Consider a point $X$ inside $\triangle ABC$, and construct $AD, BE, CF$ passing through $X$ and ending on the opposite sides. Let these be vectors. Prove that if $\vec{AD}+\vec{BE}+\vec{CF}$ is equal to $0$ then $X$ is the centroid.
Because this involves vectors, I am thinking a potential approach would use barycentric coordinates, and to take advantage of the properties of $D,E,F$ determined by the center.
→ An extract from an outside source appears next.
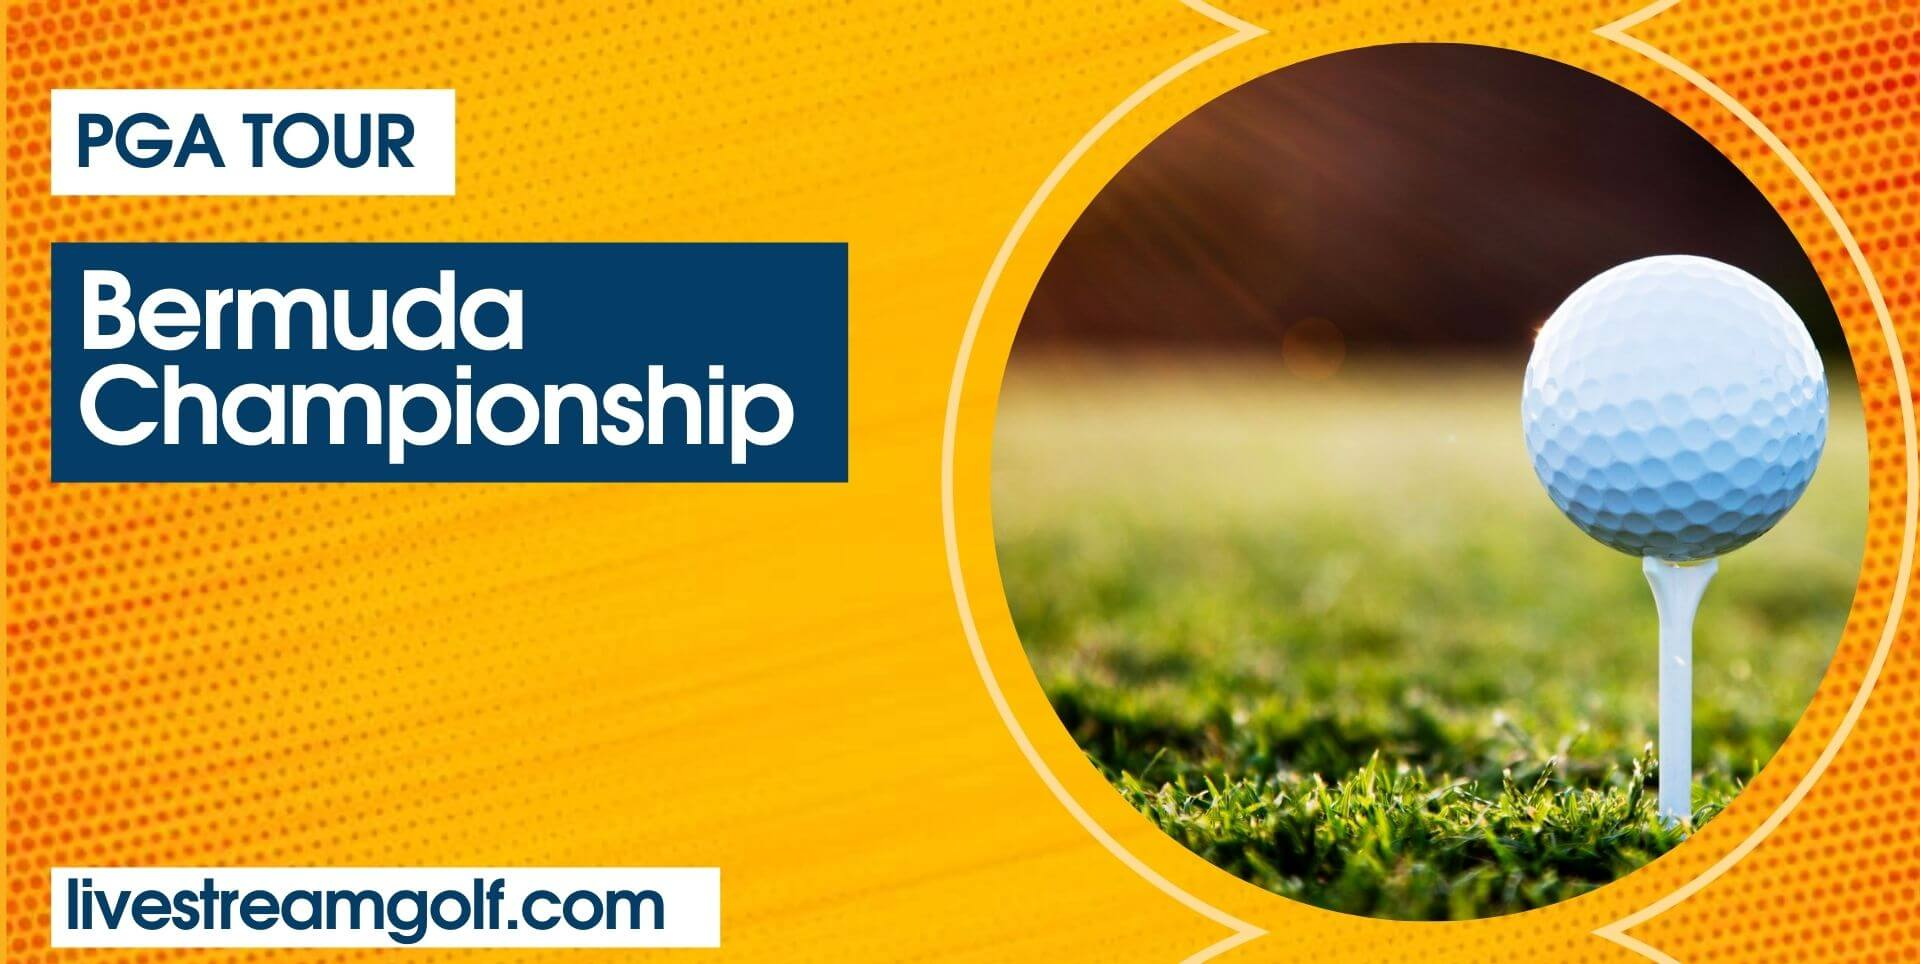 Bermuda Championship Rd 4 Live Stream: PGA Tour 2021

How would I prove this?
Edit : So I have barycentrics for the vectors $AD, BE, CF$ as coordinates where $a+b=1, c+d=1, e+f=1$ and $(1,-a,-b), (-c,1,-d), (-e,-f,1)$. How do I relate themselves to a common center?
Let the coordinates be $A=(1,0,0), B=(0,1,0), C=(0,0,1)$, $D=(0,t,1-t), E=(1-u,0,u), F=(v,1-v,0)$.
Writing $\vec{AD}=\vec{D}-\vec{A}$ etc, the condition $\vec{AD}+\vec{BE}+\vec{CF}=0$ gives $$\vec{D}+\vec{E}+\vec{F}=\vec{A}+\vec{B}+\vec{C}$$ In terms of the barycentric coordinates, $$(1-u+v, t+1-v, 1-t+u)=(1,1,1)$$ Equating the corresponding coordinates yields $t=u=v$. Finally for concurrence to hold, by Ceva's theorem, $tuv = (1-t)(1-u)(1-v)$. Setting $u=v=t$ we have $t^3=(1-t)^3\Rightarrow t=1-t \Rightarrow t=1/2$.
Thus $D,E,F$ are midpoints of the sides and the concurrence point $X$ is indeed the centroid of $\triangle ABC$.